Молодой человек, явно не совсем трезвый, ввалился в прихожую; в тот же самый миг из кабинета Квинтона вышел доктор, закрыл за собой дверь и стал надевать перчатки.

— Видеть мистера Квинтона? — переспросил он хладнокровно. — Боюсь, сейчас это некстати. Более того, решительно невозможно. Я не могу никого к нему допустить, поскольку только что дал ему снотворное.

— Да вы не поняли, старина, — возразил юноша в красном платке, пытаясь задушевно ухватить доктора за лацканы пиджака. — Вы ничего не поняли. Мне, знаете ли, позарез нужно. Я...

— Ничего у вас не выйдет, мистер Аткинсон, — произнёс доктор, решительно отпихнув юношу. — Если бы вы умели отменять действие лекарства, я бы изменил своё решение.

Он надел шляпу и шагнул на солнце, присоединившись к двум джентльменам. Это был добродушный низкорослый человечек с крепкой шеей и маленькими усиками, заурядной наружности, но явно знающий толк в своём деле.

Юноша в котелке, воспитание которого, похоже, ограничивалось умением хватать людей за лацканы, остался стоять у двери, до того ошарашенный, будто его действительно вышвырнули вон; он молча наблюдал за троицей, удалявшейся в глубину сада.

— А я ведь ему откровенно и беззастенчиво соврал, — признался доктор, смеясь. — На самом деле я только через полчаса дам снотворное бедняге Квинтону. Однако я не позволю, чтобы ему докучал этот негодник, которому только одно и нужно — выпросить денег взаймы, причём долг он не вернёт, даже если сможет. Этакий мелкий пакостник, хоть он и брат миссис Квинтон, а она — женщина восхитительная во всех отношениях.

— Да, — подтвердил отец Браун, — она славная.

— Предлагаю погулять в саду, пока этот тип не уберётся восвояси, — продолжал доктор, — а потом я зайду к Квинтону и дам ему лекарство. Без нас Аткинсон к нему не прорвётся, поскольку я запер дверь.

— В таком случае, доктор Харрис, ничто не мешает нам обойти вокруг оранжереи, — предложил Фламбо. — С этой стороны в неё не попасть, однако она стоит того, чтобы её осмотреть, пусть даже и снаружи.

— Да, а я заодно взгляну одним глазком на своего пациента, — рассмеялся врач, — поскольку он имеет обыкновение лежать на тахте в дальнем углу оранжереи, среди этих кроваво-красных пуансеттий; меня бы от такого точно пробрал ужас. А что это вы такое делаете?

Отец Браун приостановился и извлёк из высокой травы, почти полностью скрывавшей находку, необычный кривой восточный нож с изысканной рукоятью из металла и цветных камней.

— Что это? — осведомился священник, неодобрительно разглядывая нож.

— Полагаю, вещь Квинтона, — беспечно отозвался доктор Харрис. — У него в доме полно всяких китайских безделушек. А может, эта штучка принадлежит его безобидному индусу, которого он держит на коротком поводке.

— Что за индус? — поинтересовался отец Браун, не сводя глаз с кинжала, который держал в руке.

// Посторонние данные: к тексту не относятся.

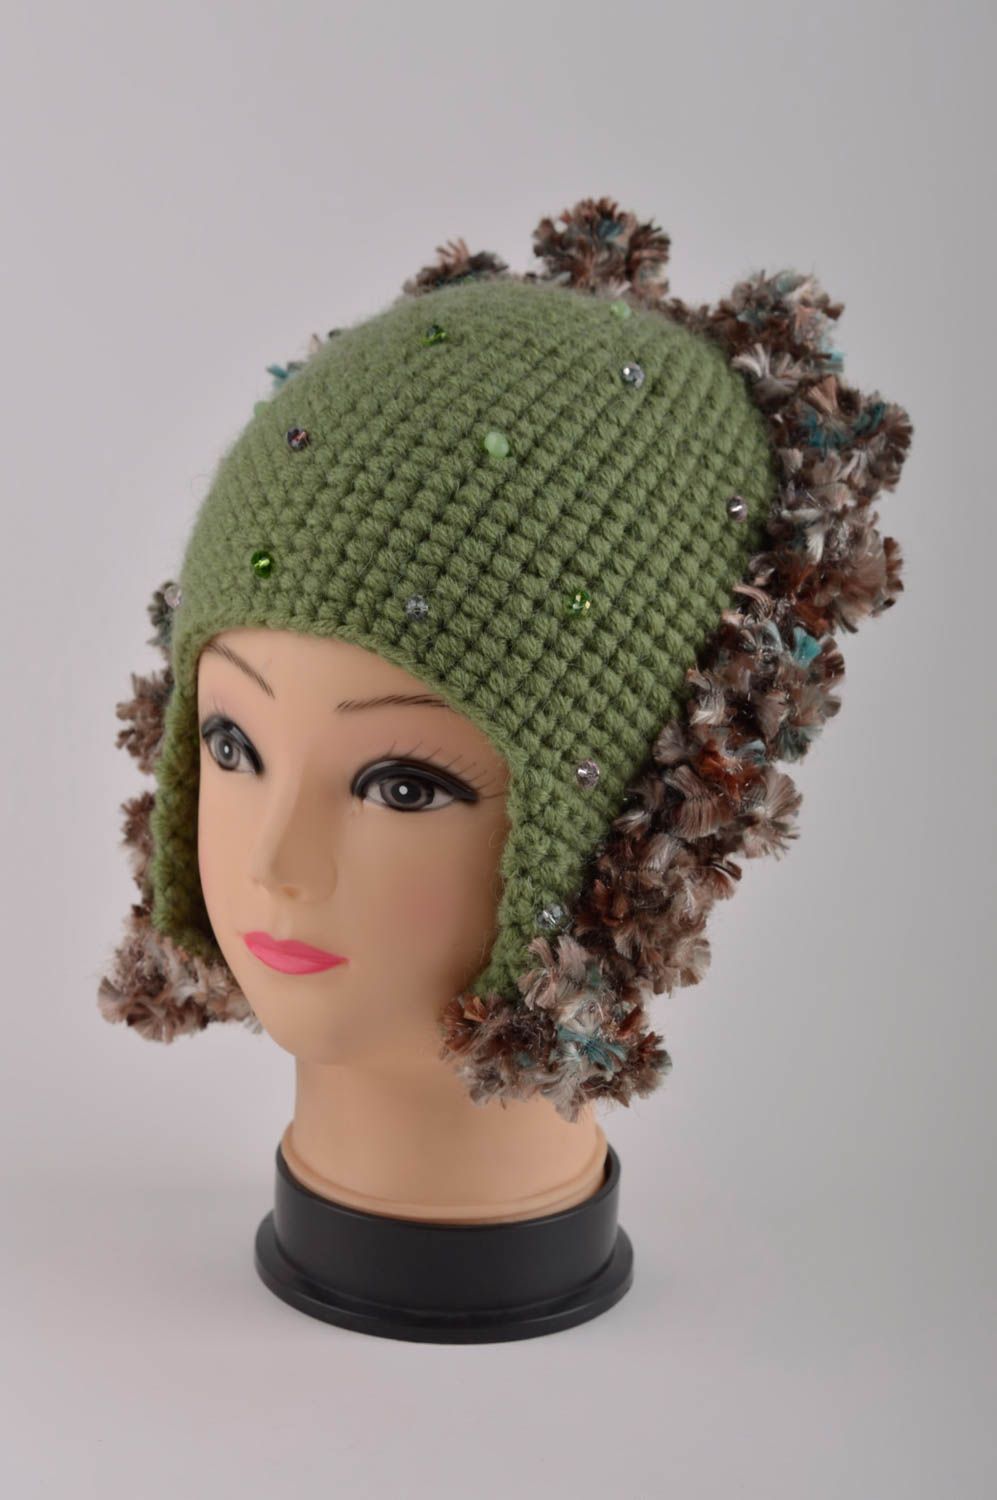 Handmade hat designer hat for girls funny hat gift ideas handmade headwear photo 2

— Да какой-то индийский факир, — равнодушно ответил доктор. — Мошенник, понятное дело.

— Вы не верите в магию? — спросил, не поднимая глаз, отец Браун.

— Магия? Чушь! — заявил доктор.

— Какая изысканная вещь! — тихим, задумчивым голосом произнёс священник. — Какие цвета! Вот только форма неподобающая.

— Для чего? — уточнил, тоже вглядевшись, Фламбо.

— Для всего. Это в принципе неподобающая форма. Восточное искусство никогда не оставляло у вас такого впечатления? Цвета опьяняюще хороши, а вот формы безобразны и дурны — преднамеренно безобразны и дурны. Мне доводилось видеть письмена зла на восточных коврах.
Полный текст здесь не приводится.